We proposed a modified alchemical absolute binding free energy calculation method, which changes part of the thermodynamic path (see Figure 2). In the conventional path, the orientation of the ligand is always restrained to a predetermined state relative to the receptor during the thermodynamic path. On the other hand, in the modified SDM, the orientation is initially unrestrained when the interaction between the ligand and the receptor decreases before finally restraining the orientation of the ligand. This method results in broader distribution of the configurational space of ligands in the binding site, when it is fully coupled than that of the original method allows. Thus, even though the restrained orientation may not correspond to the most stable configuration of the system, the binding free energy can be accurately estimated.

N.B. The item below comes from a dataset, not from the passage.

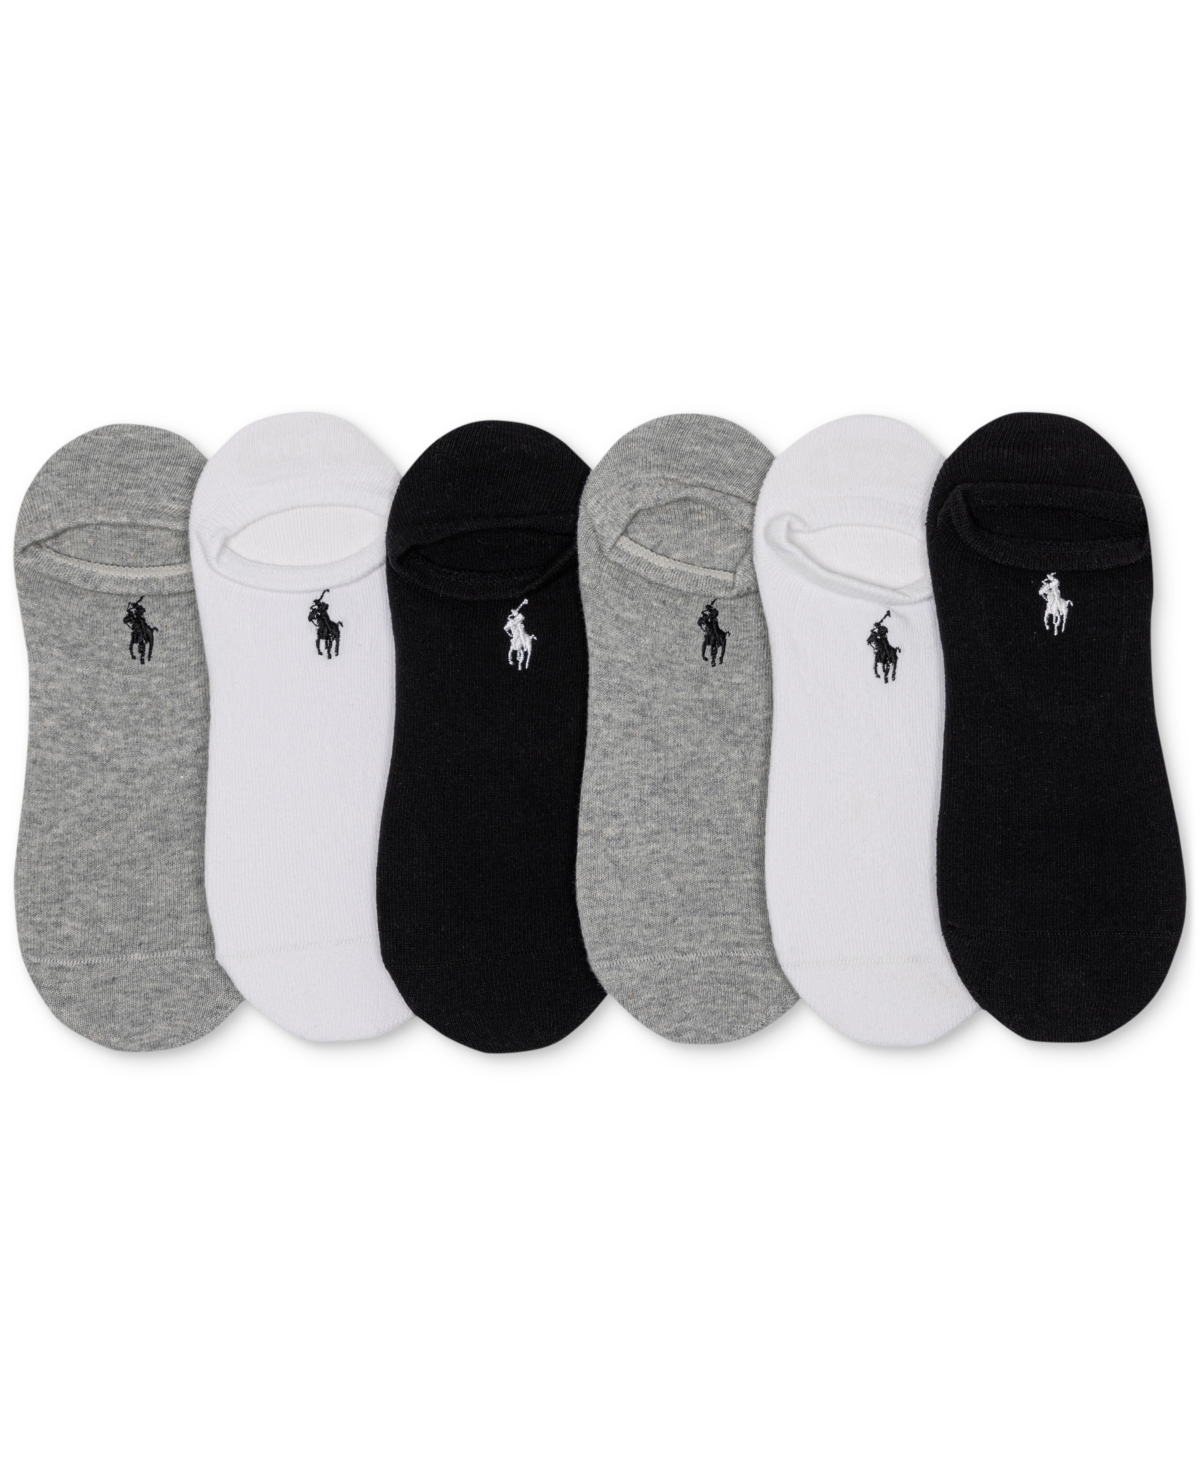 Polo Ralph Lauren Women's 6-pk. No-show Liner Socks In Grey Assortment

We performed modified SDM simulations for three model systems, and compared the binding free energies with those of the SDM and BEDAM. In this study, the binding free energies obtained from the BEDAM simulation are used as benchmarks. We also used two kinds of restraint potentials. One is a simple restraint potential, which represents the UP state and DOWN state of the systems by using two vectors defined by the orientations of the ligand and receptor. Another is the BK restraint potential, which represents a set of six harmonic potentials, and is often applied for the general method^3,9. The results showed that the all the binding free energies obtained from the modified SDM are very close to those of the benchmark BEDAM results without depending on the choice of the restrained orientation to UP or DOWN states, whereas the standard SDM calculations without using Eq. (13) to explicitly enumerate the multiple binding poses does not give the correct binding free energy values. In addition, the tendencies are the same for both the simple restraint and BK restraint.

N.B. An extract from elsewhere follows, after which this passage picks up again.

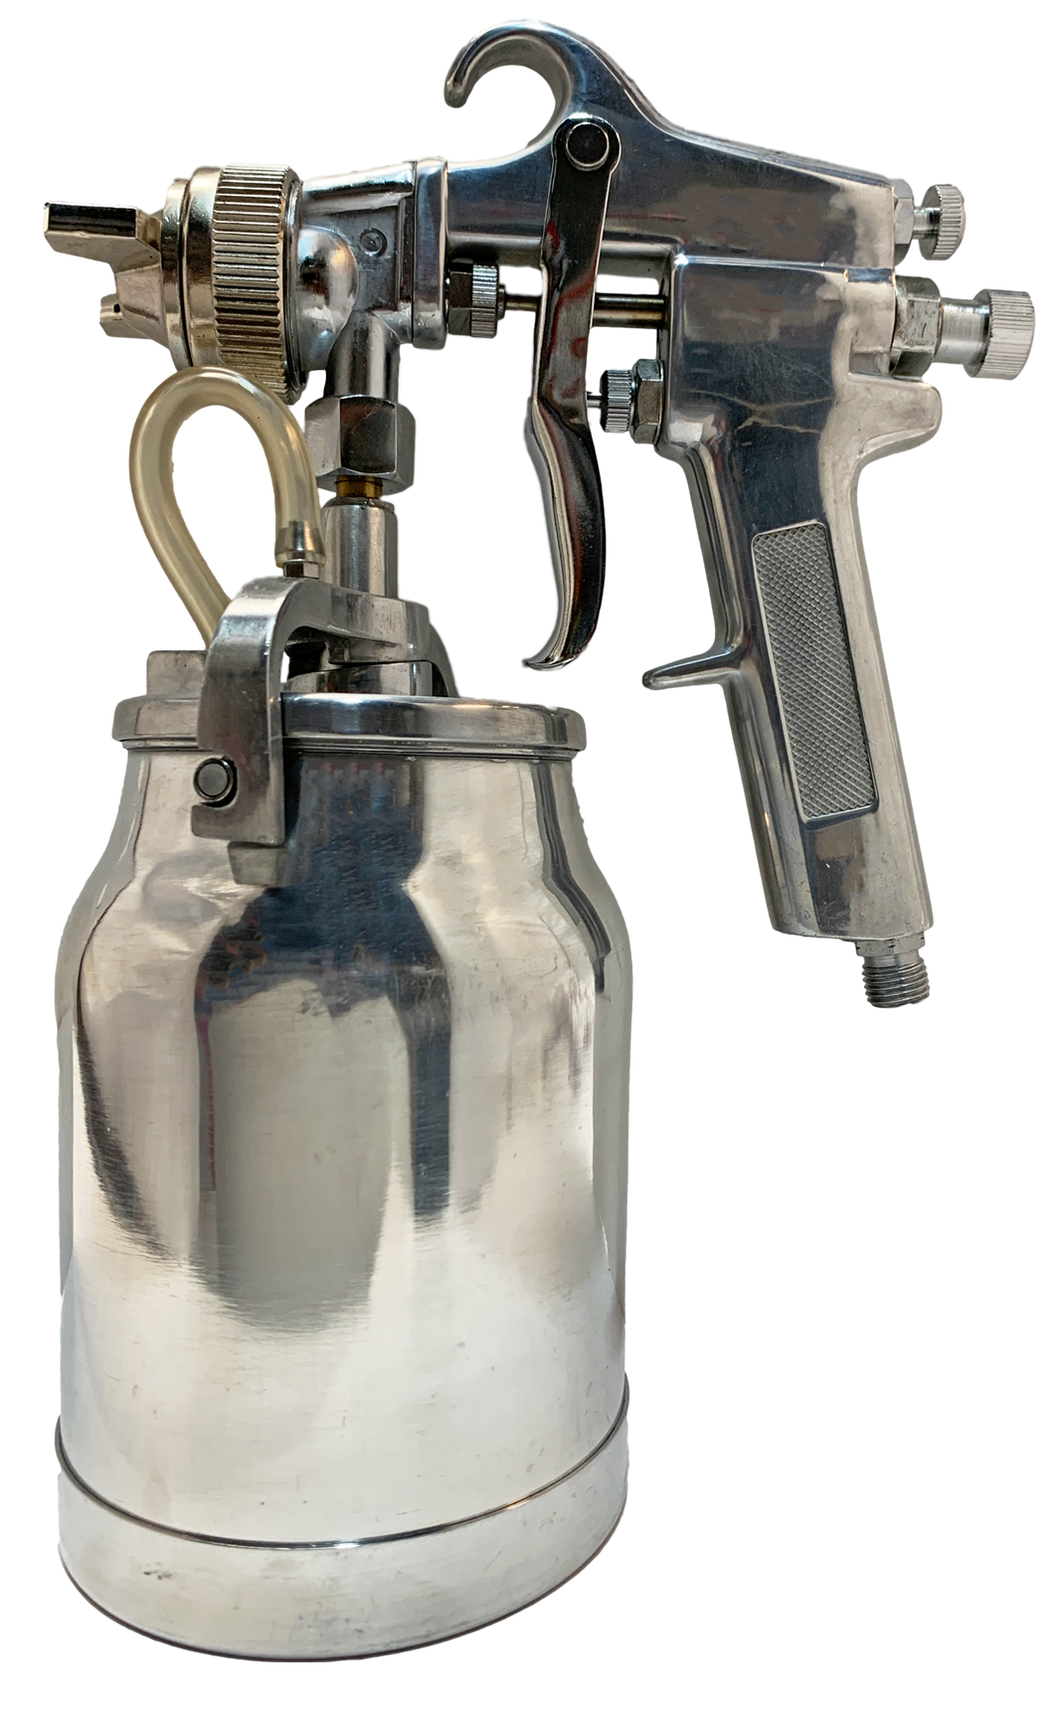 Demo Spray Gun

The probabilities of the angle of orientations of the ligand depict that the thermodynamic processes of $\text{Δ}{G}_{\text{decoupl}1}^{RL}$ and $\text{Δ}{G^{\prime }}_{\text{restr}}^{RL}$ of the modified SDM have broad probabilities of both the UP and DOWN states. Thus, when the restraint potential is weak or zero and the interaction between the ligand and receptor are weakened by λ, the ligands are able to cross the reduced barrier between the UP and DOWN states. And coupled with the Hamiltonian Replica Exchange process, these results in broad sampling even in the fully decoupled states. We have also applied our modification to DDM using T4 lysozyme–phenol system with explicit solvent as an example. The result showed that the binding free energies obtained from two binding modes using modified DDM were in good agreement with that of DDM when the two binding modes are explicitly considered.

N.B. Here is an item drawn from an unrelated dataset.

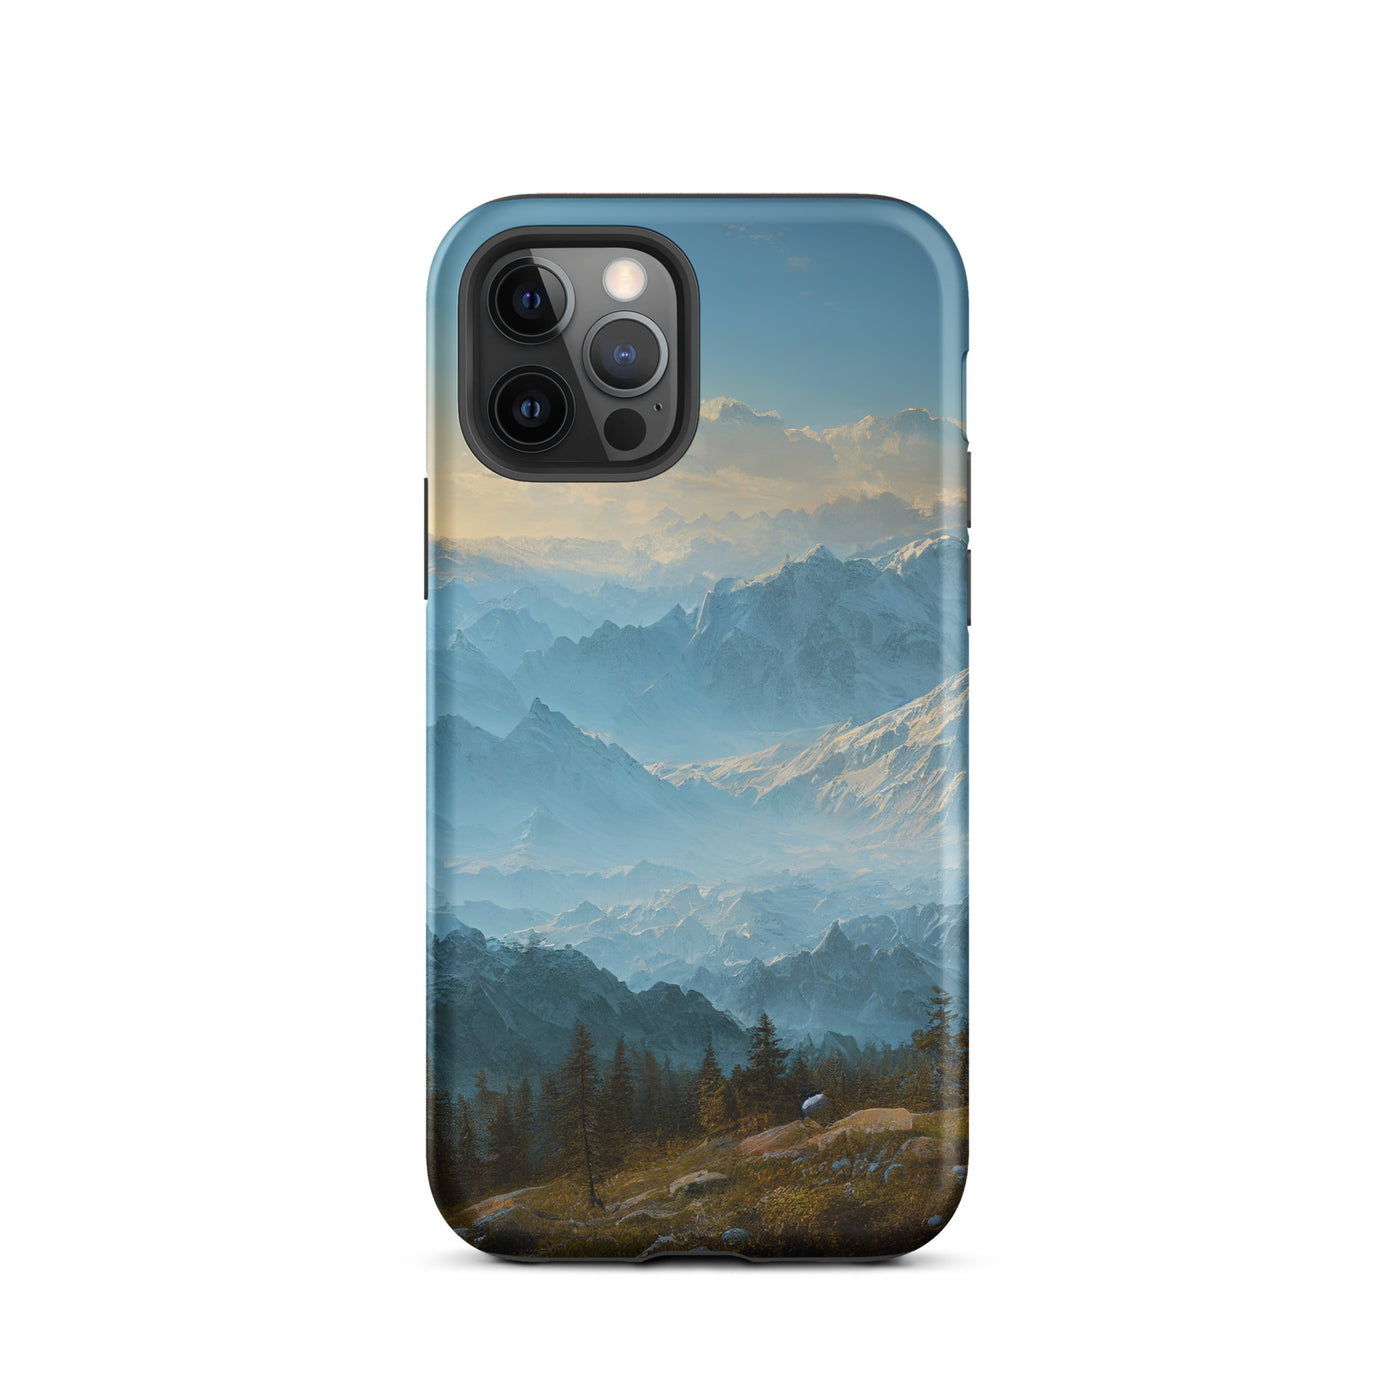 Schöne Berge mit Nebel bedeckt - Ölmalerei - iPhone Schutzhülle (robust) berge xxx iPhone 12 Pro

In summary, we have shown that our new method provides a more robust solution to absolute binding free energy calculation for receptor–ligand systems with multiple binding poses. For such systems the original SDM and DDM methods that restrain the ligand orientation to a specific pose in order to accelerate convergence requires the knowledge of the precise orientations of the different binding modes. In practice, these traditional methods could be at risk of missing the strongest binding mode, which as we have shown in this report would lead to significant errors in the estimated binding free energy. In the new method described here the orientations of each of the binding modes do not need to be precisely known, instead, a modified thermodynamic path is used to facilitate broader sampling of the configuration space of receptor-ligand without sacrificing the efficiency of the original SDM or DDM.

APPENDIX: Parameters of restraint potentials

In this study, we used two kinds of restraint potentials: the simple restraint and the BK restraint. For the three βCD–ligand systems with the simple restraint, we employed the two flat bottom potentials for the distance and angle. The details of the parameters are listed in Table 5. For the three βCD–ligand systems with the BK restraint, we employed the six harmonic potentials. The details of the parameters are listed in Table 6. For the T4 lysozyme–phenol system with the BK restraint, the details of the parameters are listed in Table 7.